__WORK INSTRUCTION__.
Restate the listing below word for word, pictures excluded.

__PROVIDED DATA__.
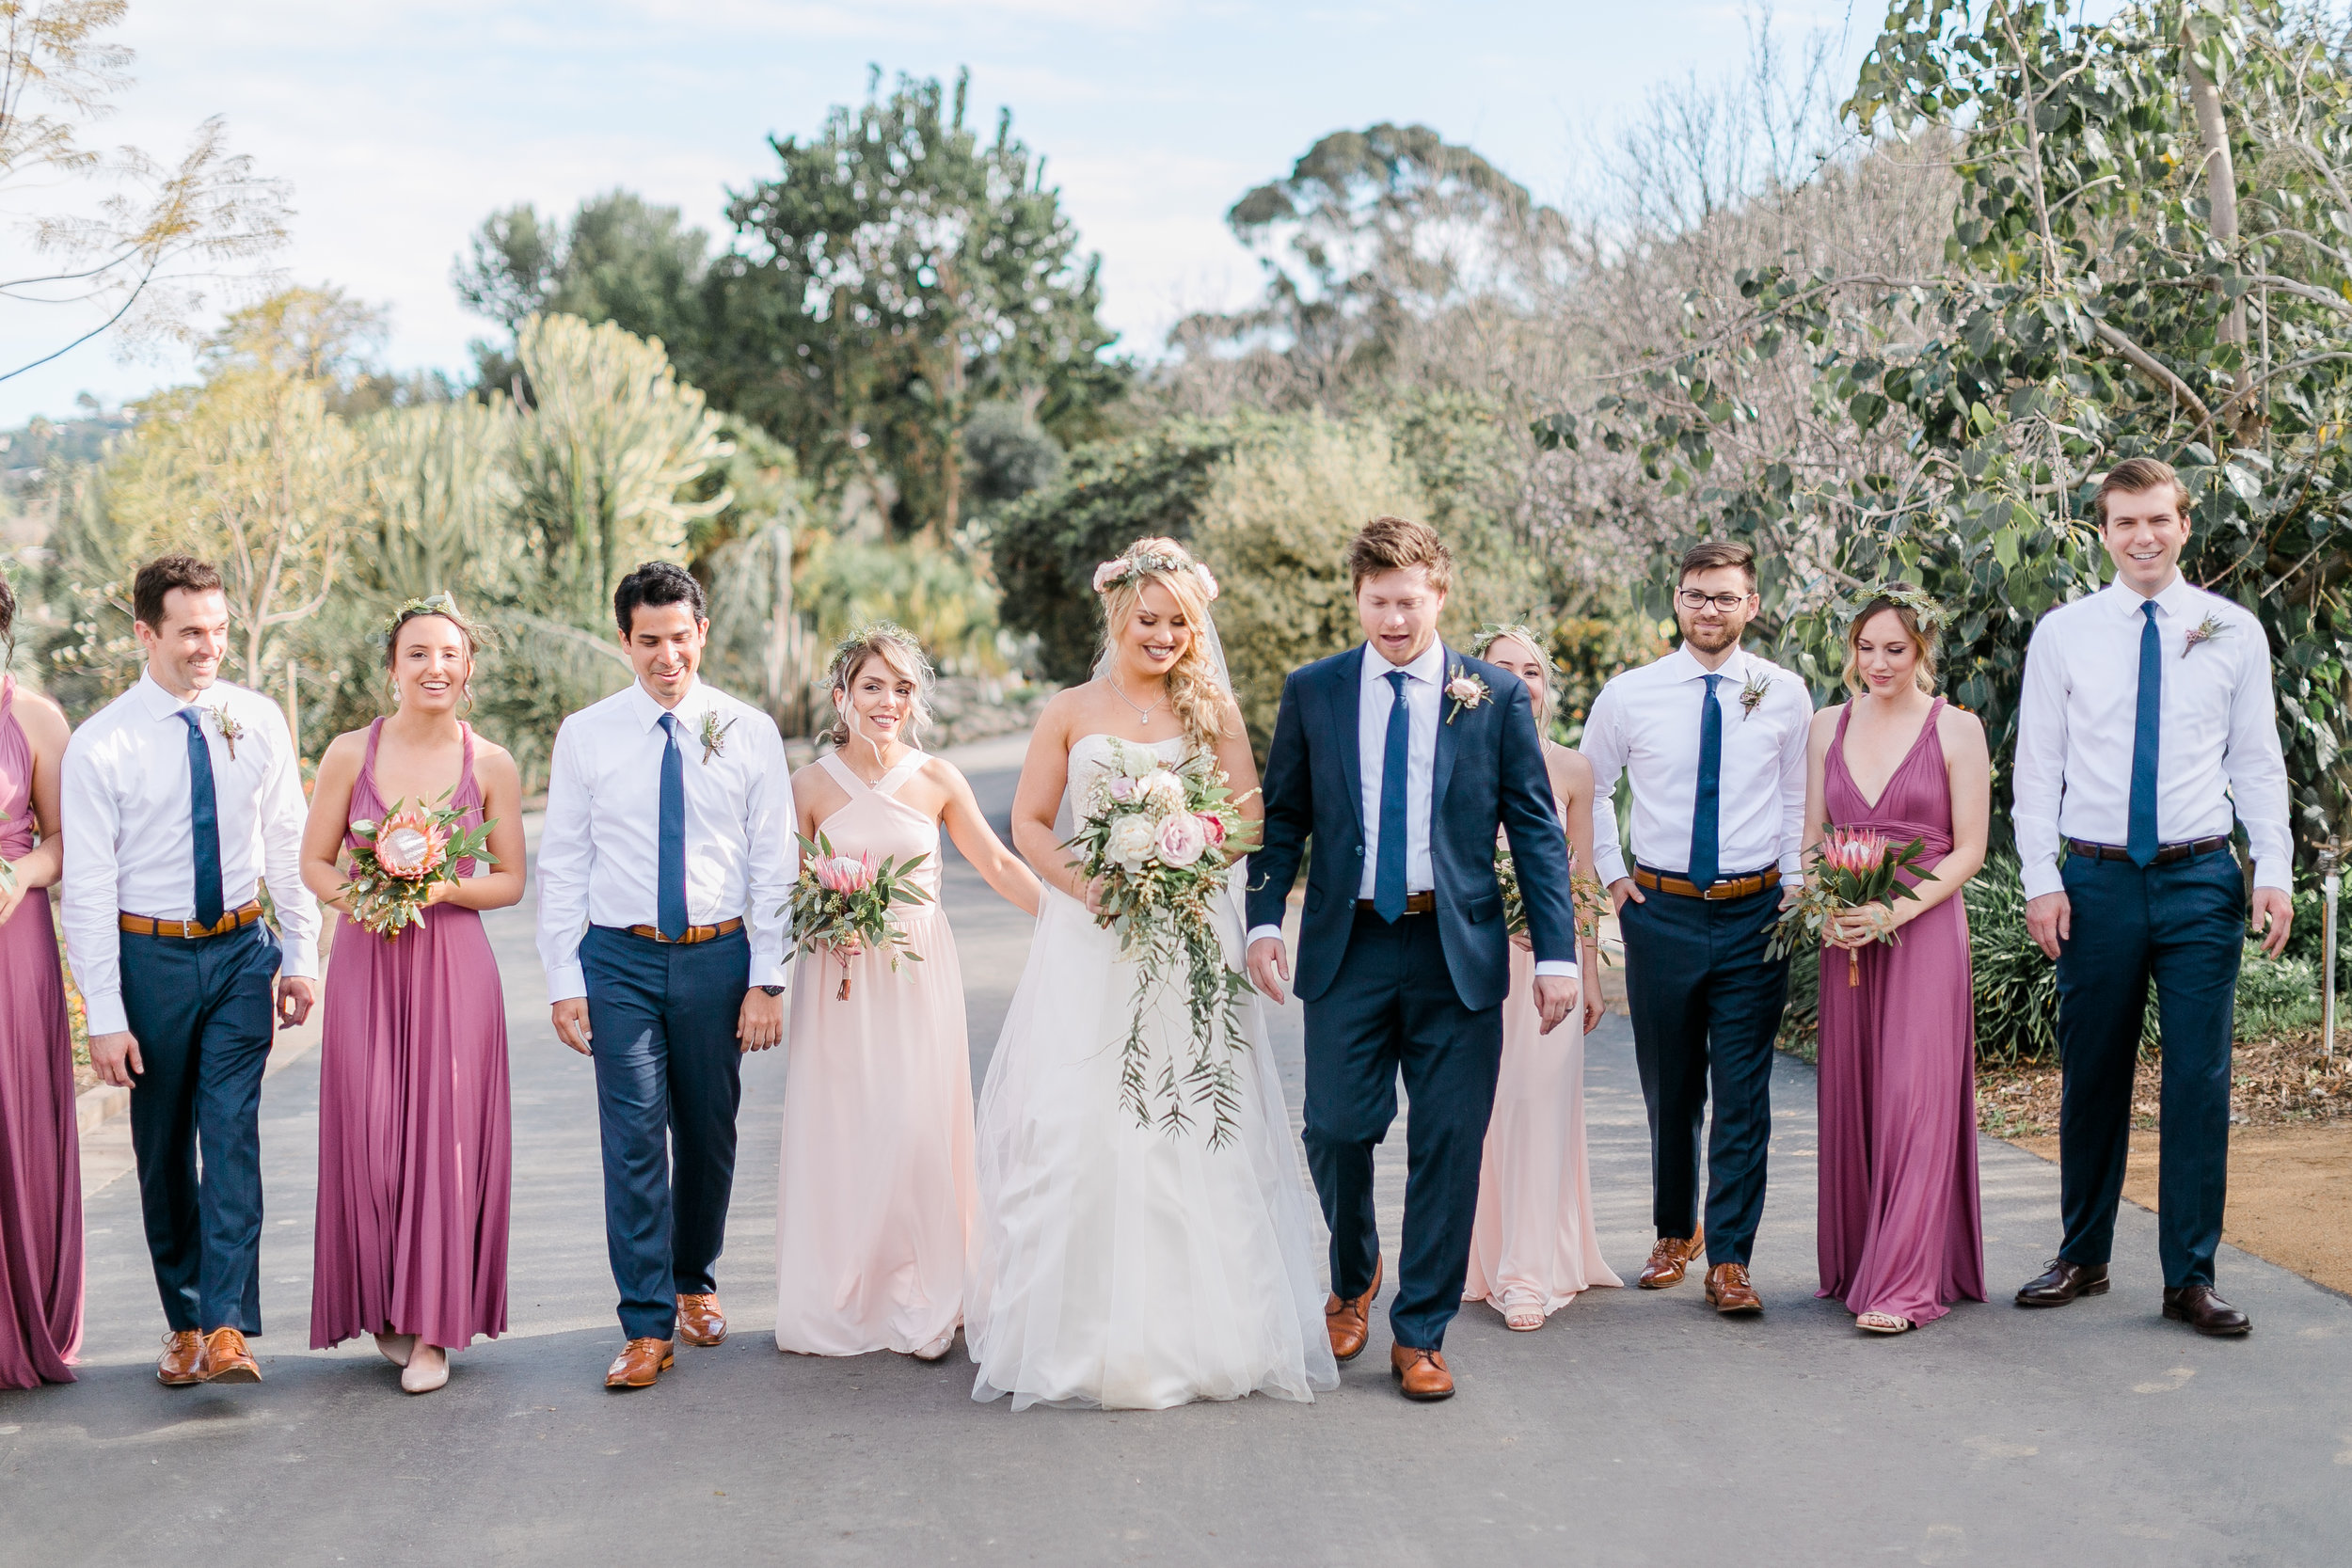 South-Coast-Botanic-Garden-Wedding-Planner39.jpg
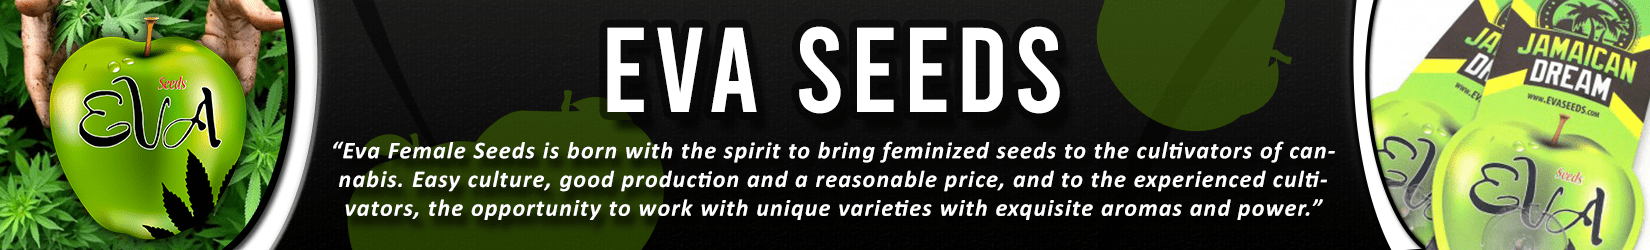 Cannabis Seeds Breeder - Eva Seeds
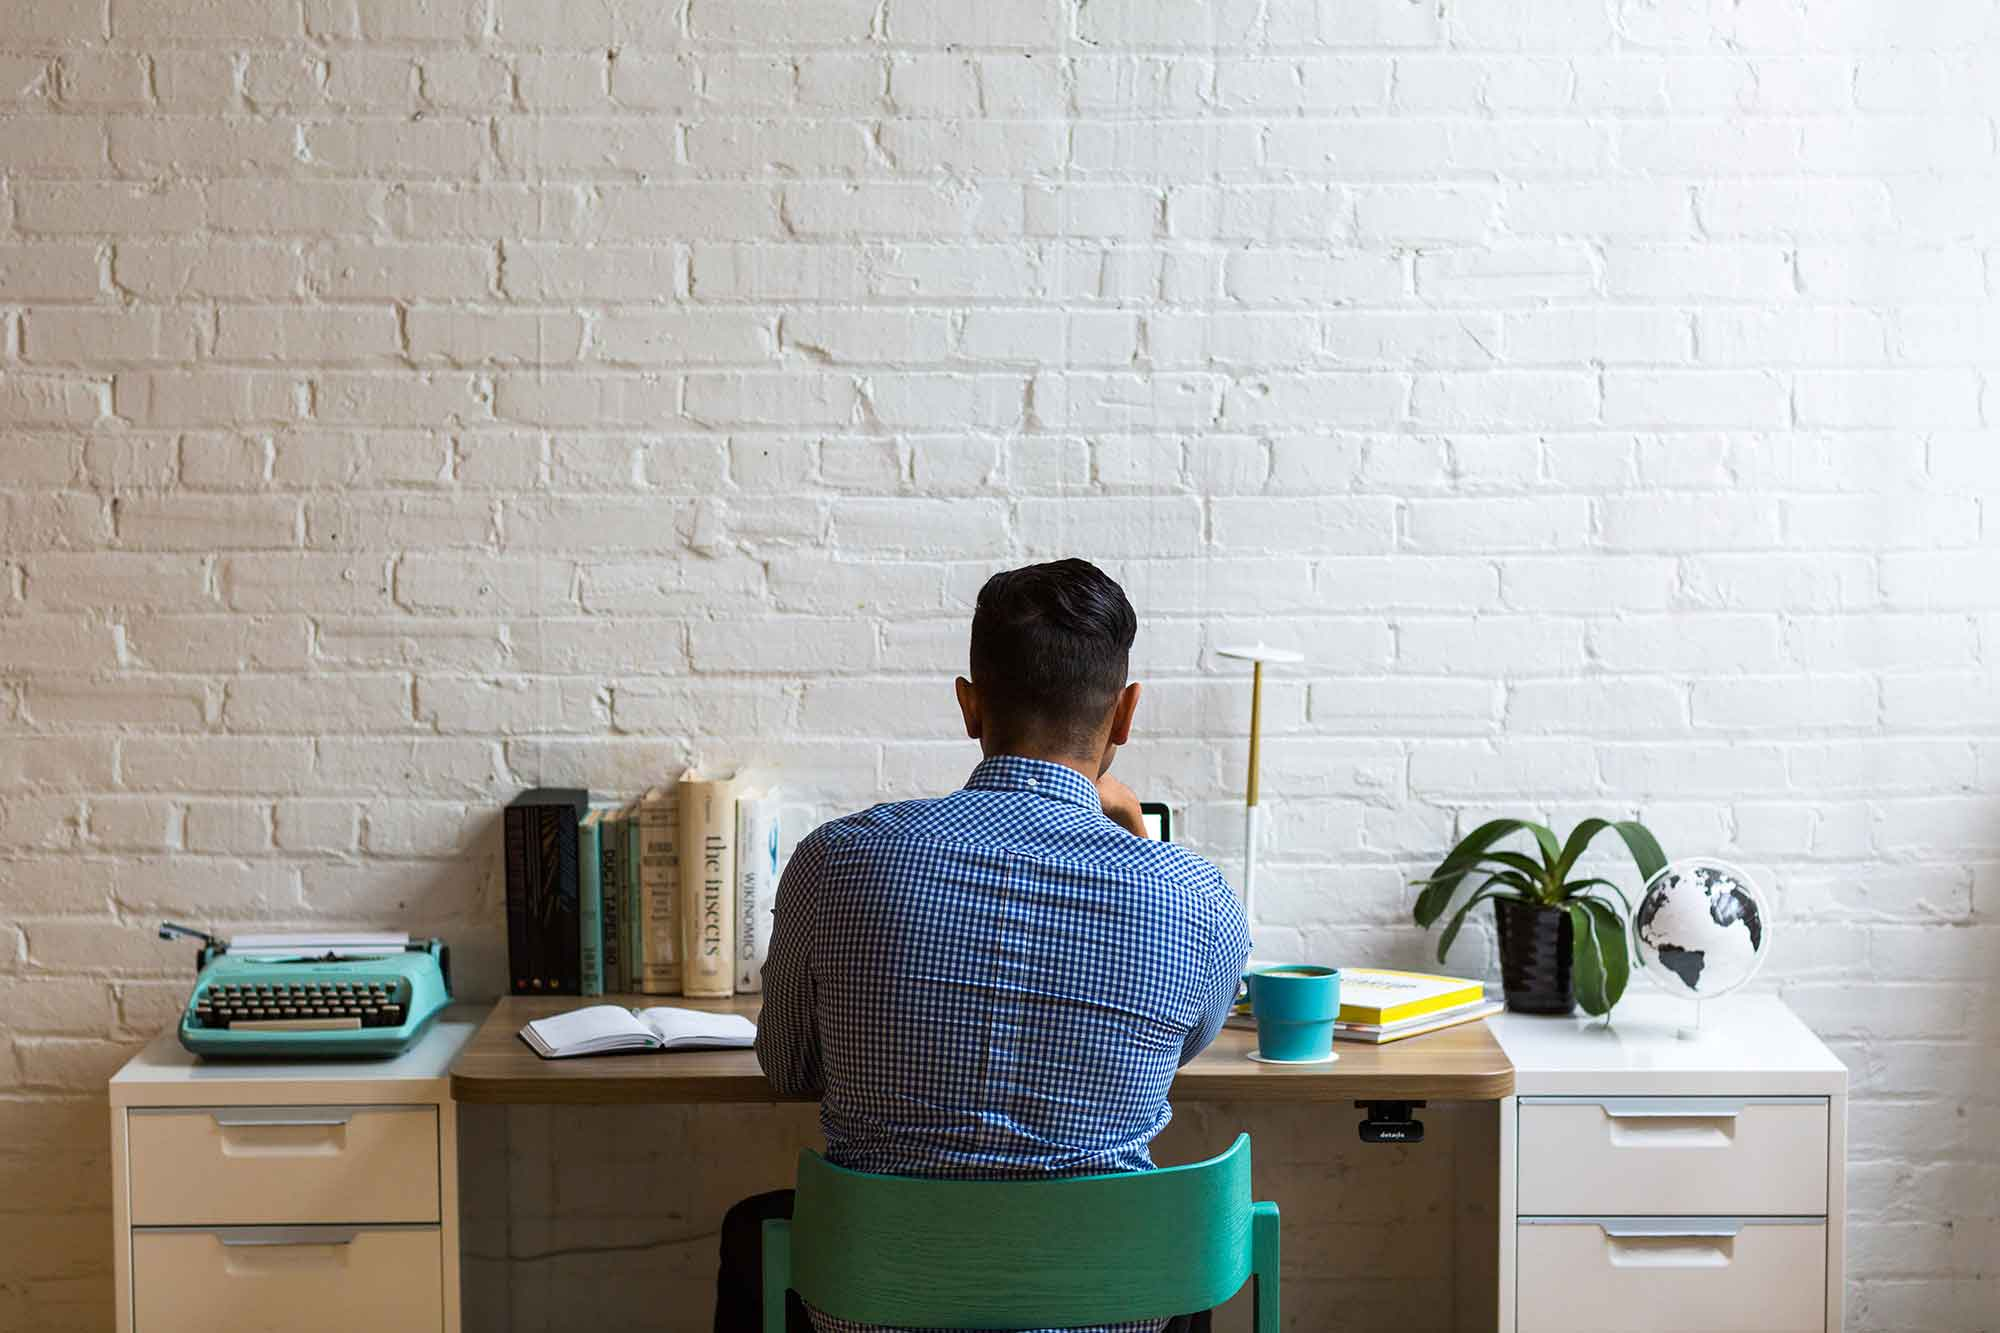 Man-at-Desk-in-White-room.jpg

__OUTPUT FOR THIS EXERCISE__.
 South-Coast-Botanic-Garden-Wedding-Planner39.jpg
 Cannabis Seeds Breeder - Eva Seeds
 Man-at-Desk-in-White-room.jpg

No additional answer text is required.